It is just an illusion of shifting back, the particles don't actually become smaller.
Ben, one of the ways that nanoparticles are prepared for TEM is to place a droplet onto your substrate, wait for some time for the particles to settle/adhere to the substrate, blot the supernatent out with filter paper, and optionally wash by dropping wash solvent and blotting. There are a lot of surface modification tricks to try to get more particles to stick, such as plasma cleaning, UV-ozone, spin coating charged polymer solutions, etc. It might take a few iterations of sample loading (e.g. apply multiple droplets) to get enough visible sample. Definitely not easy and unfortunately not well described in literature (generally passed down via institutional knowledge in labs studying nanoparticles).
TEM is definitely the way to look at nanoparticles. Time to build a TEM Ben!
I have never clicked on a notification quicker than this one.
I haven't either! Apparently I was the 1st comment, too.

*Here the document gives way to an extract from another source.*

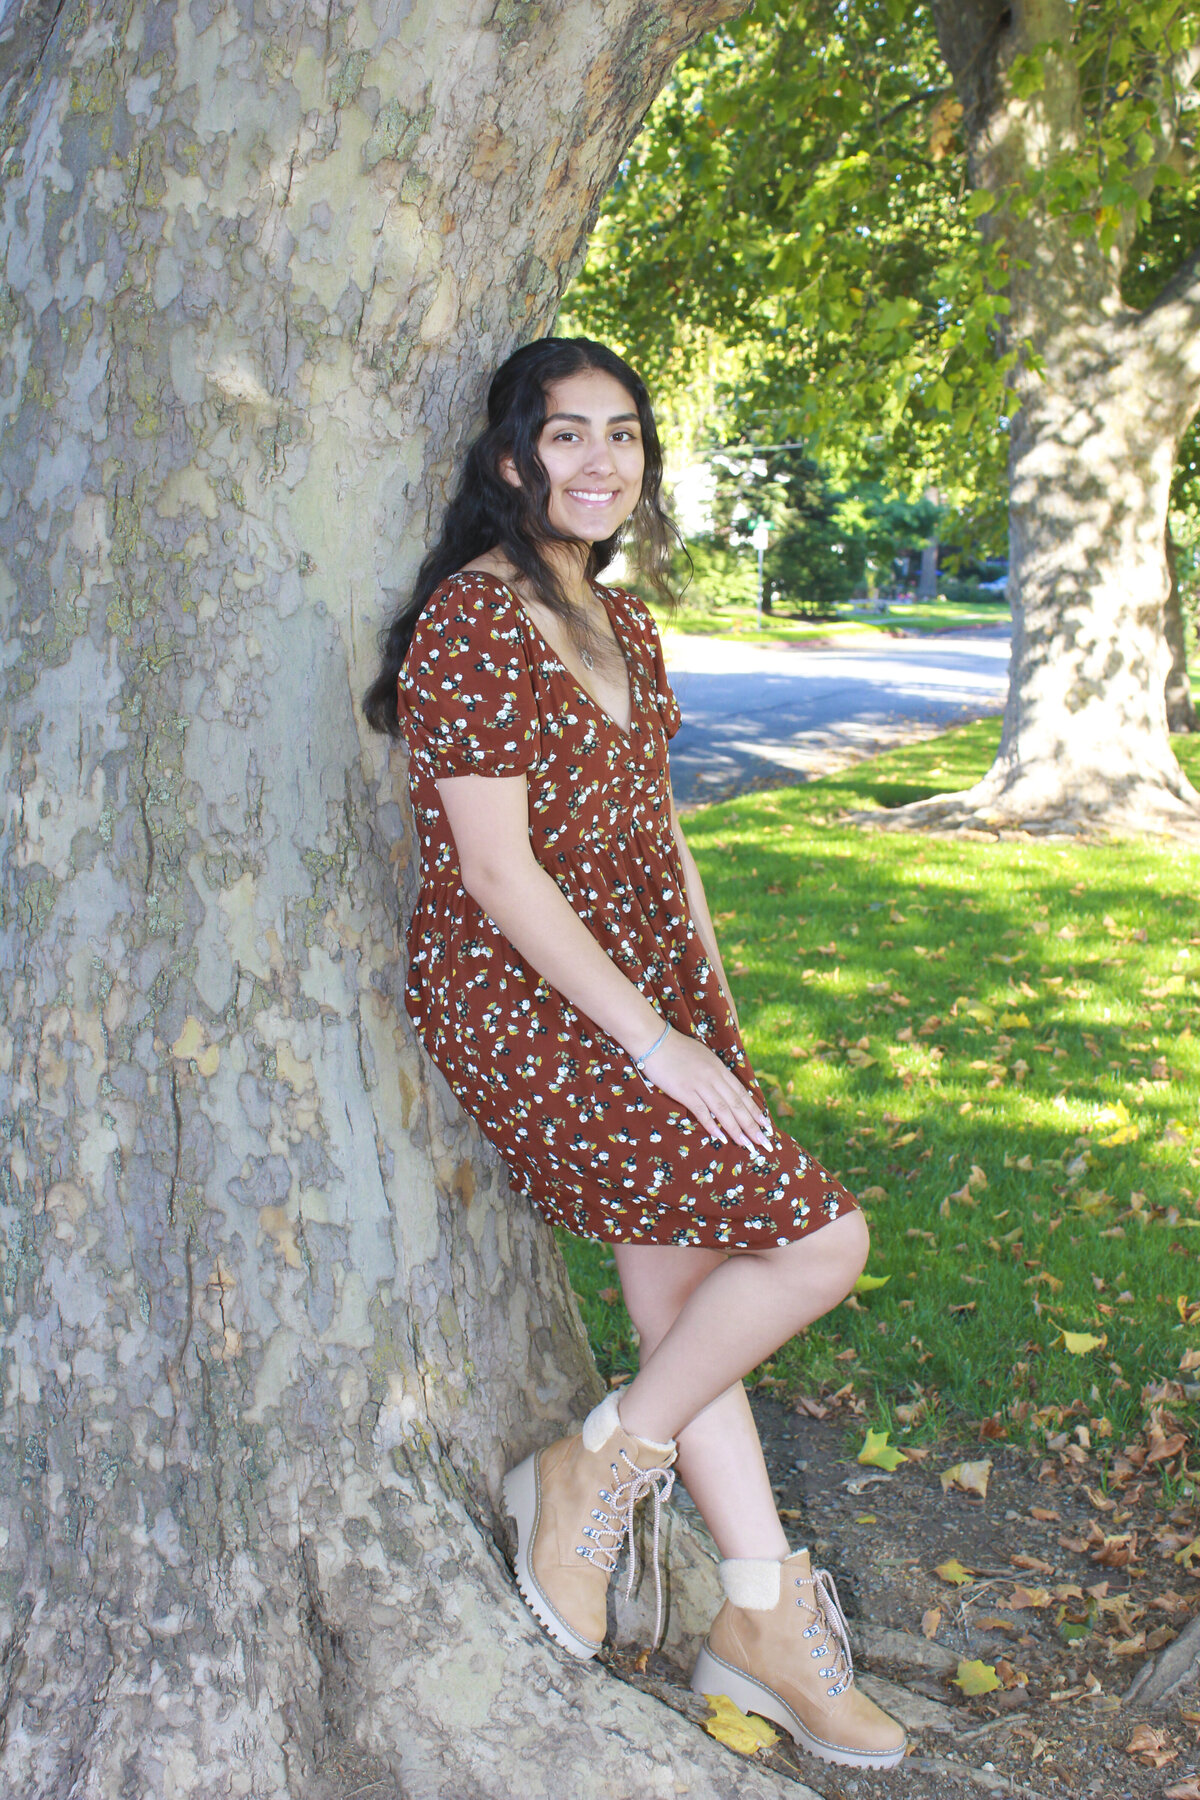 lady leaning on tree smiling

Let's me tell the people that just say, "First," that they're not.
One sidenote concerning the stability of the NaBH4-solution: You could basify it in advance (to like pH 10-11), which would increase it's lifespan by orders of magnitude. Just seems like a possibility, since the final reaction mixture needs to be basic anyway. So a mixed stock solution of NaOH and NaBH4 could be used instead of two separate ones, since the required amount of NaOH is also known (2mL 50mM NaOH stock solution)
I love your old JEOL JSM T-200. I worked for JEOL for about 10 years in the early 90's. I had several of that model in my service area, along with the later 300 series models. They are a great little scope when working properly. The 10nm resolution is only with Gold on carbon @ maximum KV very short working distance. The sample must be heated to ~ 100C before being transferred to the vacuum. Also must have very good chamber vacuum. low e-6 torr minimum. It is a pain, and I can remember the struggles when resolution had to be demonstrated.

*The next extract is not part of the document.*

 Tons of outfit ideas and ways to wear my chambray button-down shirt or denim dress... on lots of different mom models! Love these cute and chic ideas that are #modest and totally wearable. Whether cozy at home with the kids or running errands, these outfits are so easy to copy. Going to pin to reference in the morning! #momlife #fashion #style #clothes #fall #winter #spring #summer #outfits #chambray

10:08 I have been wanting to build one of these to test out astrophotgraphy light pollution filters. Mouser sells some very specific LED wavelengths, such as 656.28 for Hydrogen Alpha.
Something to filter out Musk's Starlink satellite's would be great...
For everyone else, my pic's would still be terrible! lol
The satellites only reflect sunlight, not really something to filter out optically
@@among-us-99999 I'll just filter out the all the wavelengths from sunlight then!.. ;)
@@timhooper1557 "Since the Dawn of Time, Man has yearned to block out the sun."
Dang, I never knew how much I wanted a multispectrum monochromatic LED light, that is a super cool idea! I've got 9 different wavelengths of laser pointers which are also very cool for studying light absorbtion in different materials but now that I see this video I need the LED equivalent. It's amazing how much LED technology has evolved in just the last decade, being able to get this many monochromatic LEDs with such a high output power for the relatively low price they cost is incredible.
I also think a flashlight version would be pretty great too, with a wheel inside that rolls through all the different wavelengths so only one is on at a time, that would be neat...
A few years ago I bought a bunch of different wavelength LEDs to experiment with what things look like under different "equivalent" lighting conditions. Then I never actually wired them up. They had quite a variety of inconvenient forms, haha. Maybe I'll just make his. XD
Yyyeah, but compared to your lasers even the most monochromatic LED's are still pretty broadband. It's still a cool idea though.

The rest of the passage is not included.